▶ [Provided material]:
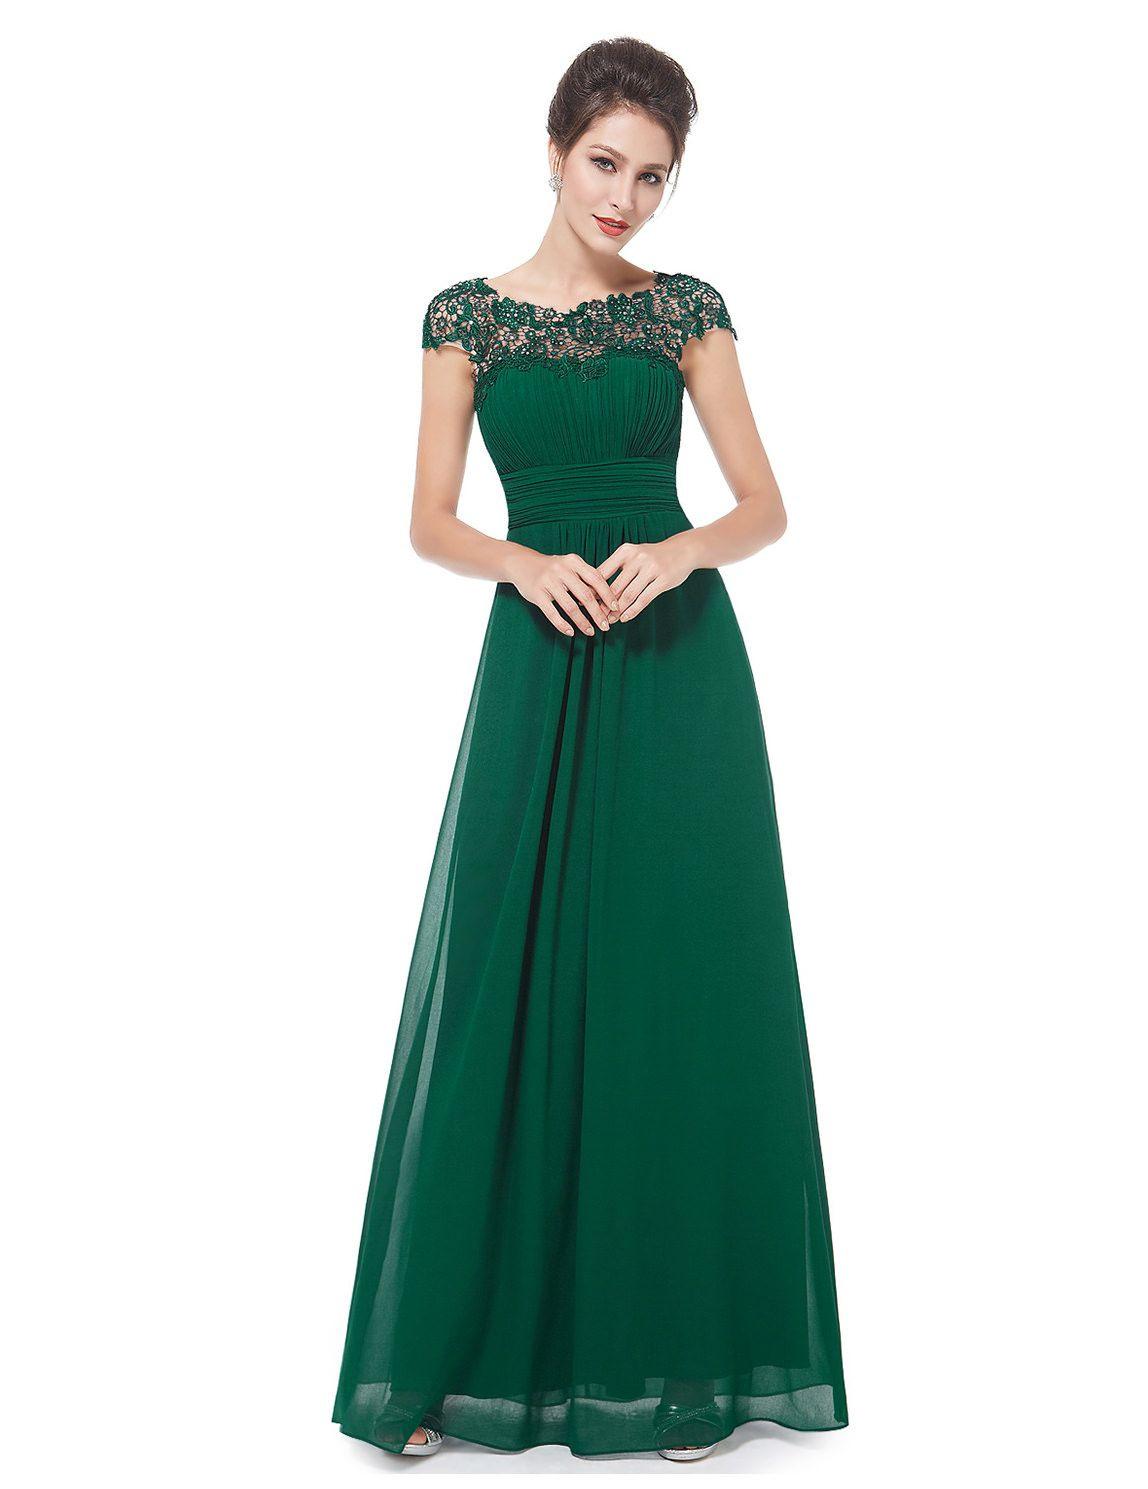 Formal Leicht Abendkleider Wo Kaufen Boutique15 Perfekt Abendkleider Wo Kaufen Bester Preis
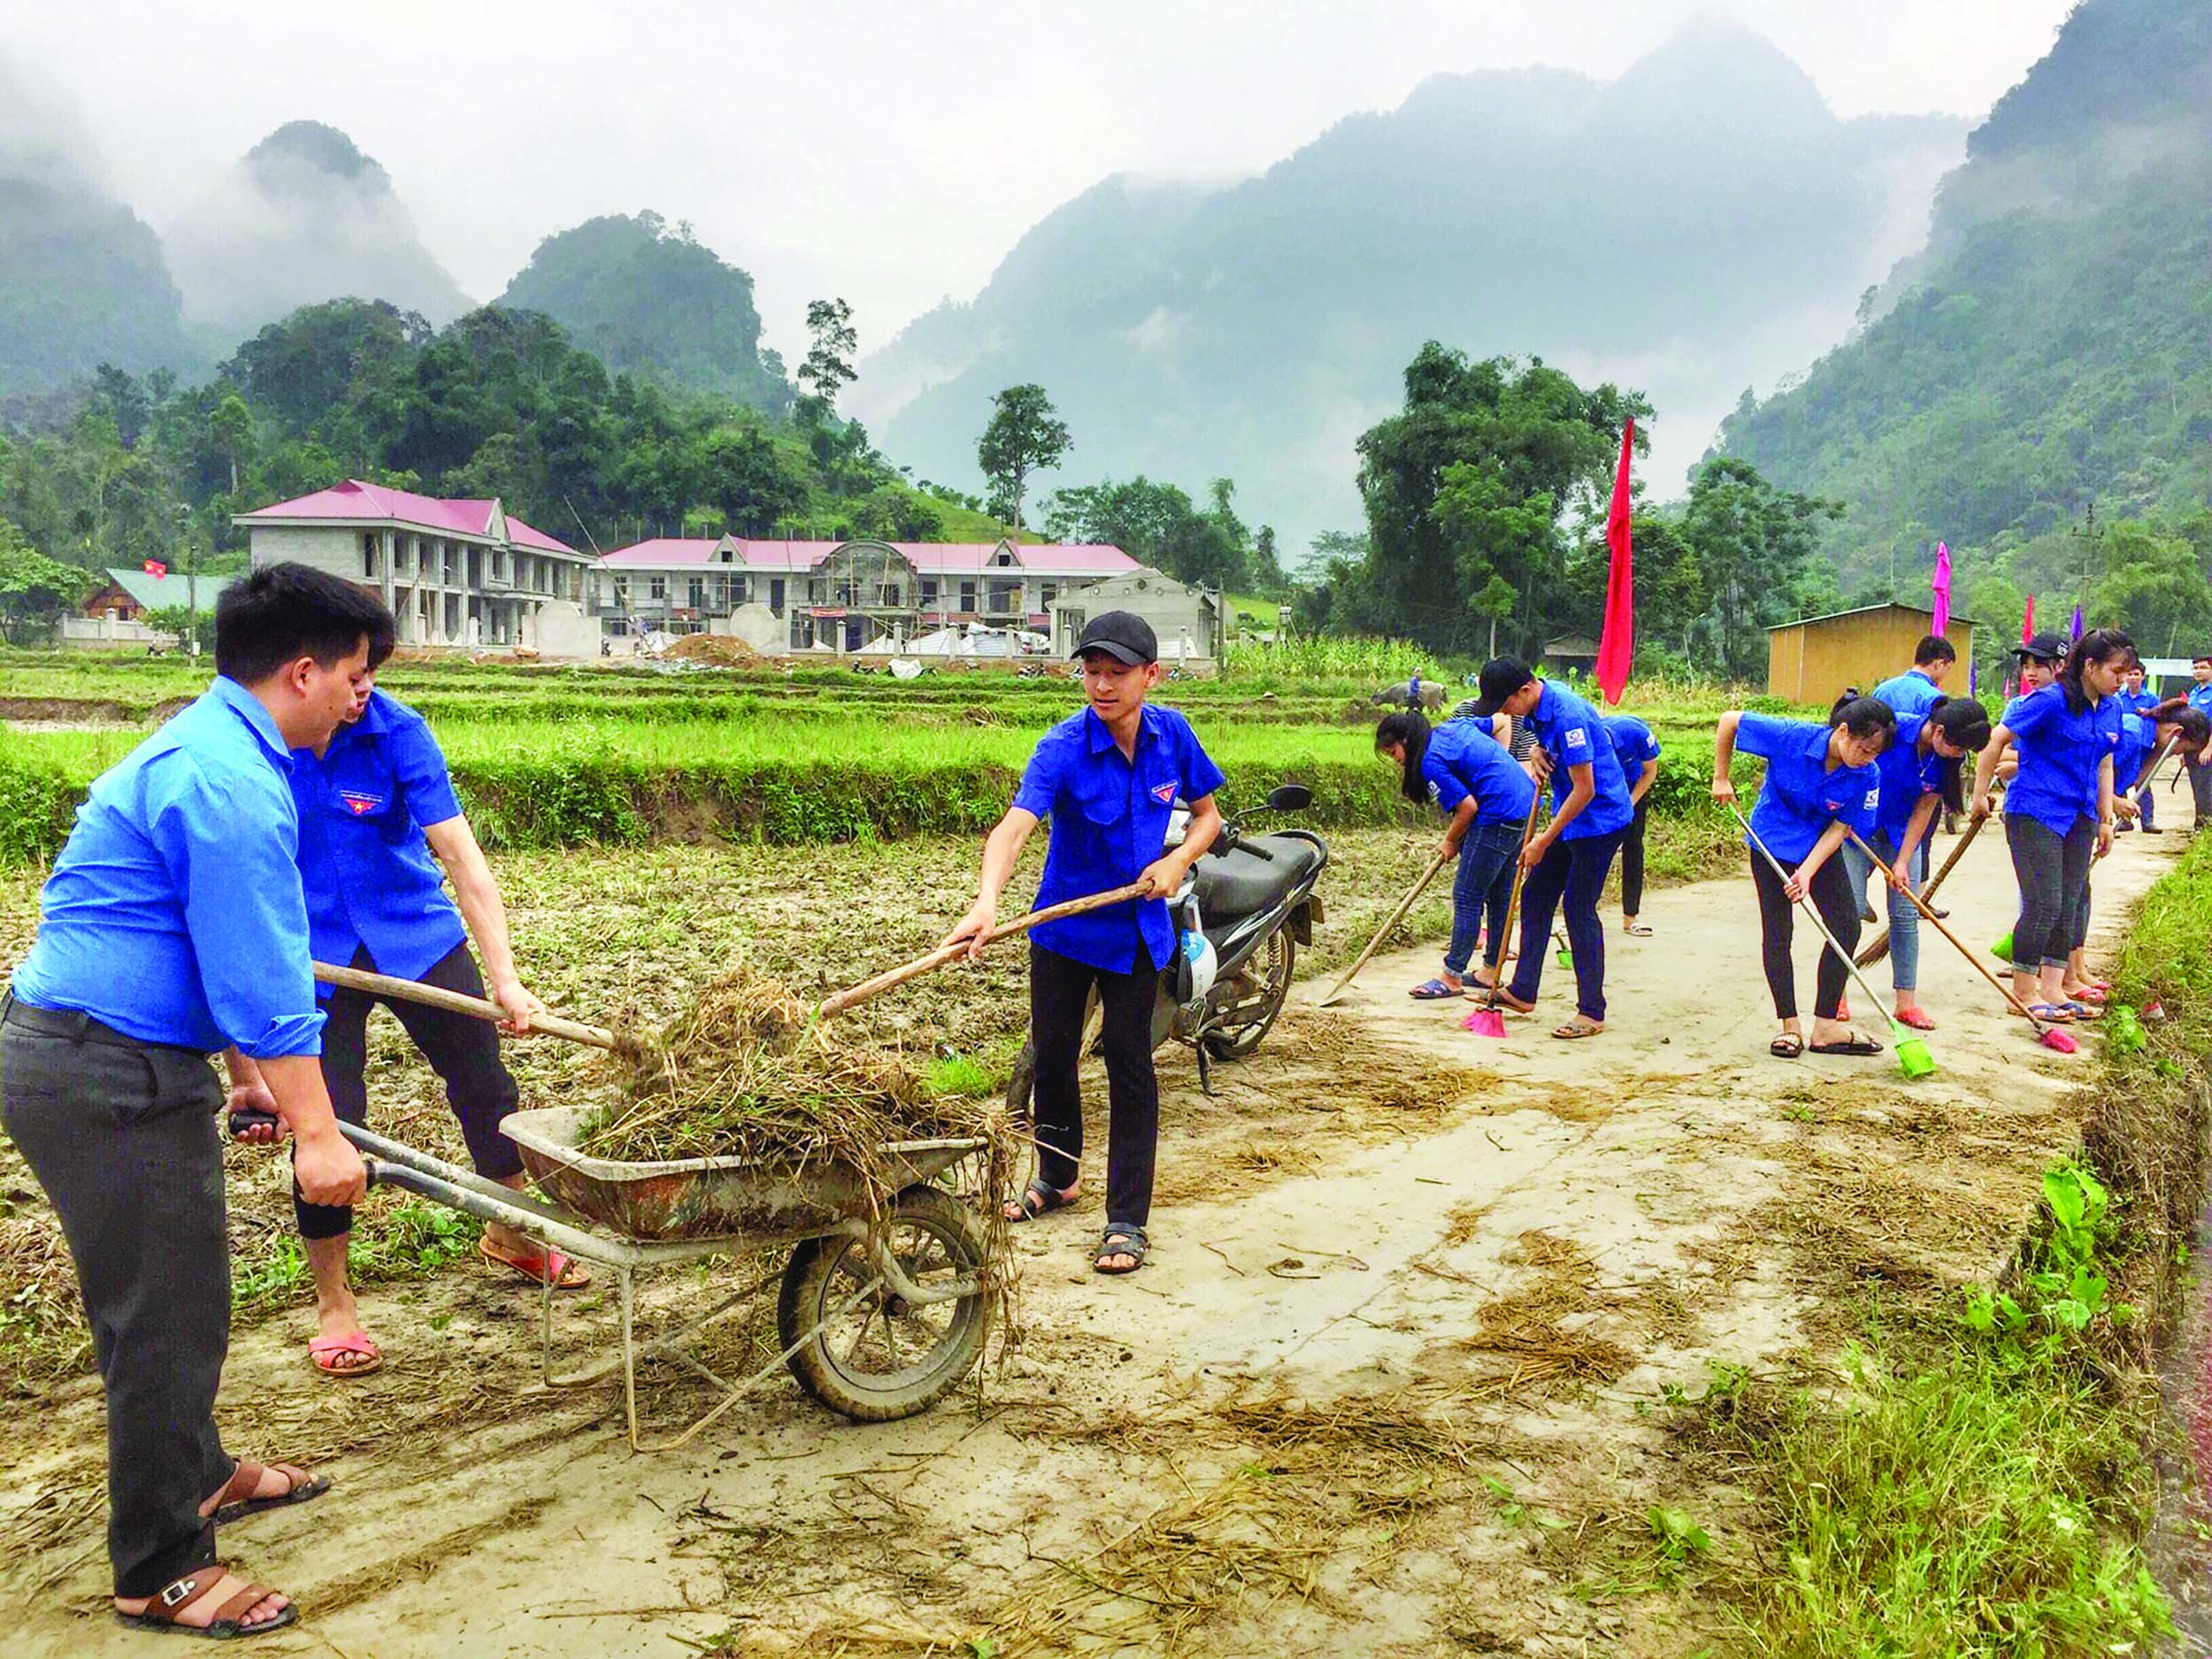 Huyện đoàn Lâm Bình tỉnh Tuyên Quang  dọn dẹp, khơi thông cống rãnh góp phần bảo vệ môi trường.
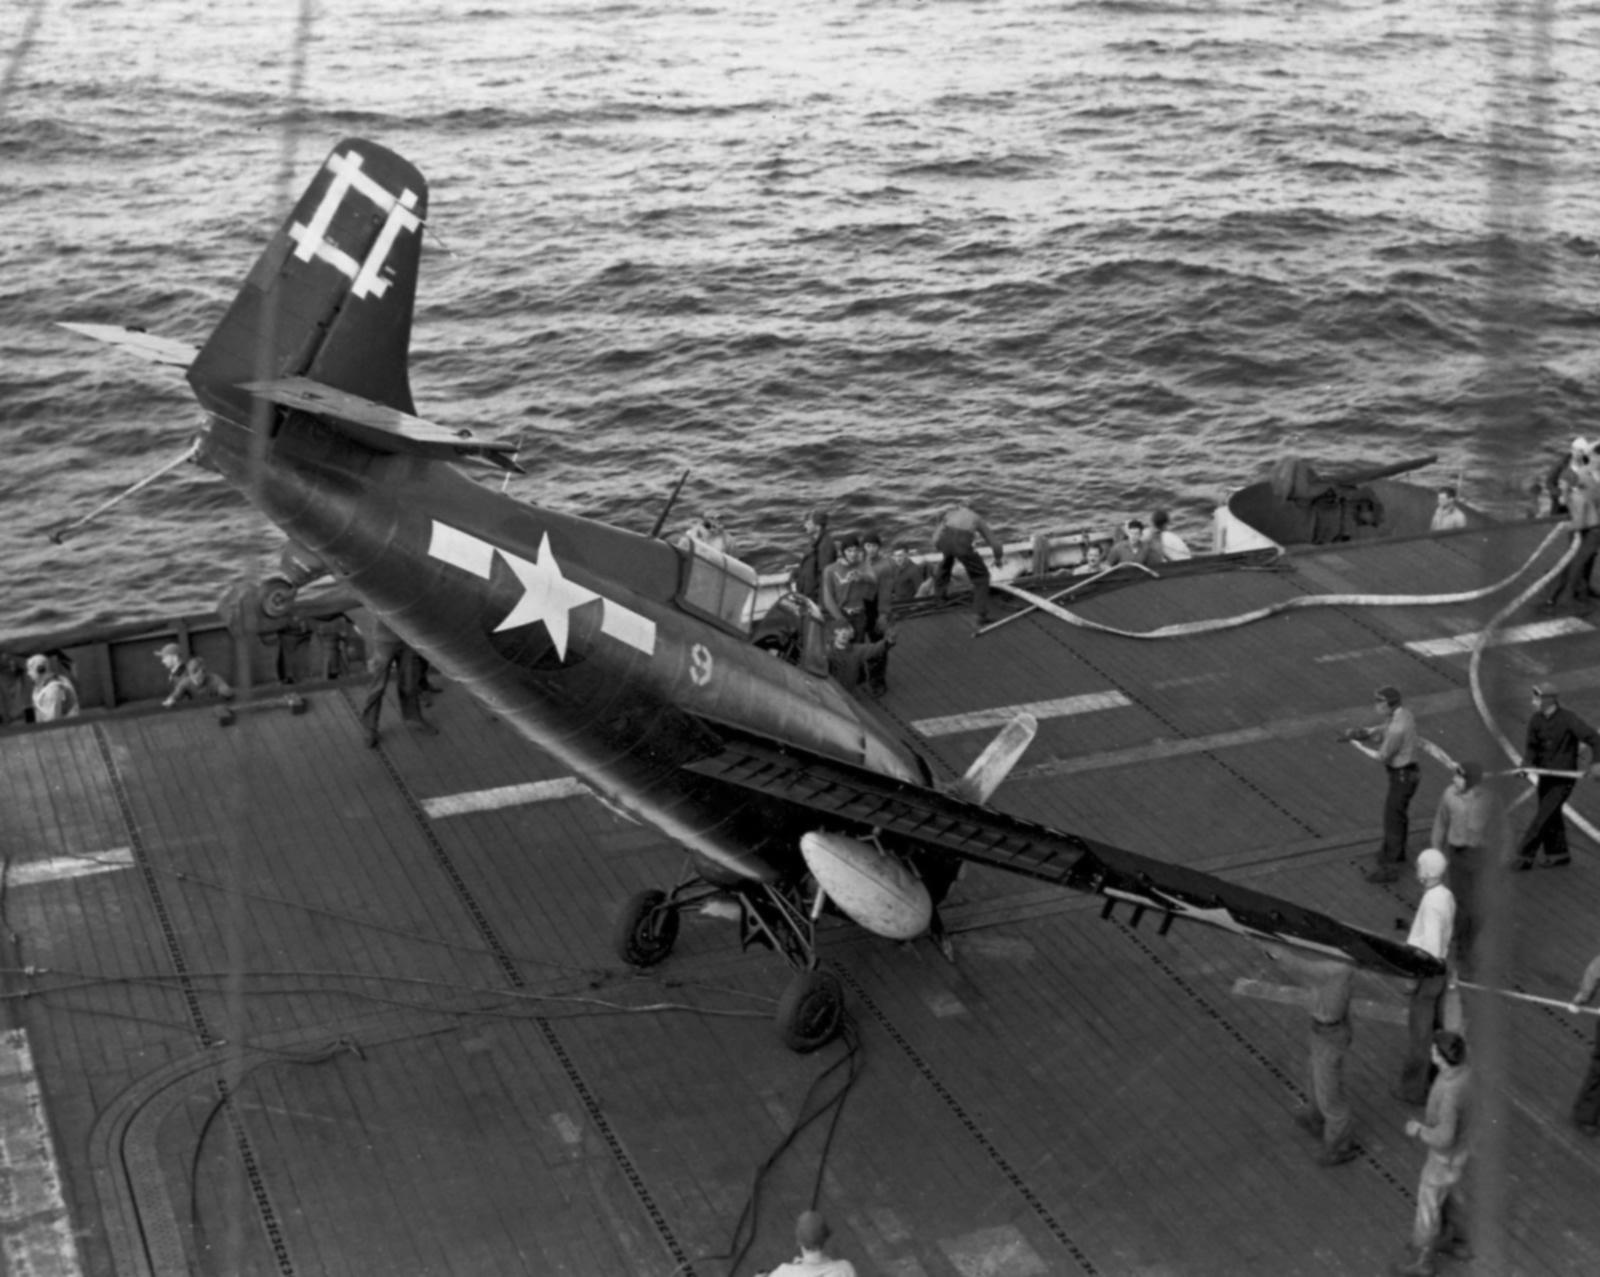 FM 2 Wildcat VC 96 White 9 landing mishap CVE 81 USS Rudyerd Bay 1st Apr 1945 01
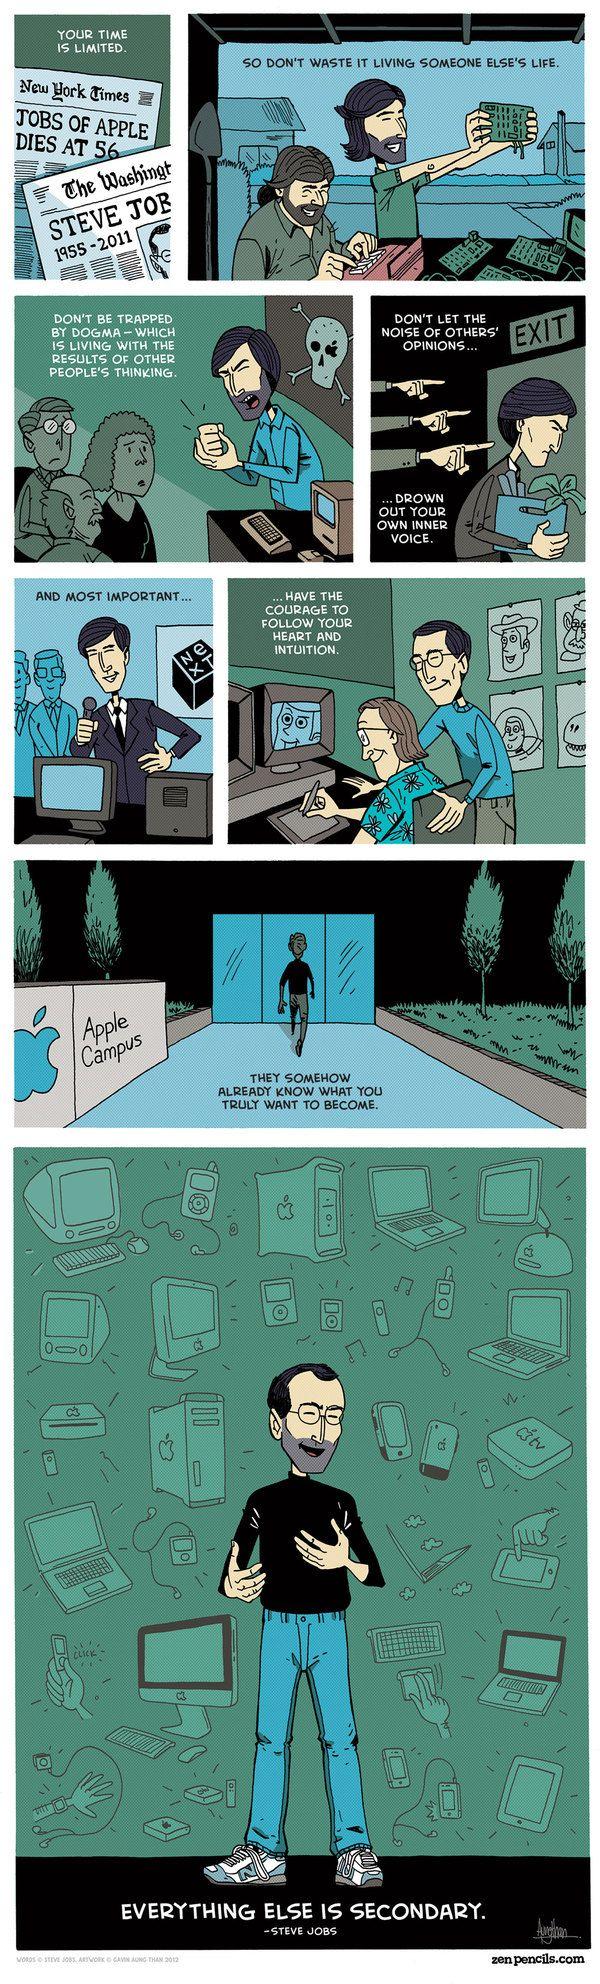 Zen Pencils - Steve Jobs

▶ [To do]: Without including any picture, write out the material above verbatim.

▶ [Your response]:
 Formal Leicht Abendkleider Wo Kaufen Boutique15 Perfekt Abendkleider Wo Kaufen Bester Preis
 Huyện đoàn Lâm Bình tỉnh Tuyên Quang  dọn dẹp, khơi thông cống rãnh góp phần bảo vệ môi trường.
 FM 2 Wildcat VC 96 White 9 landing mishap CVE 81 USS Rudyerd Bay 1st Apr 1945 01
 Zen Pencils - Steve Jobs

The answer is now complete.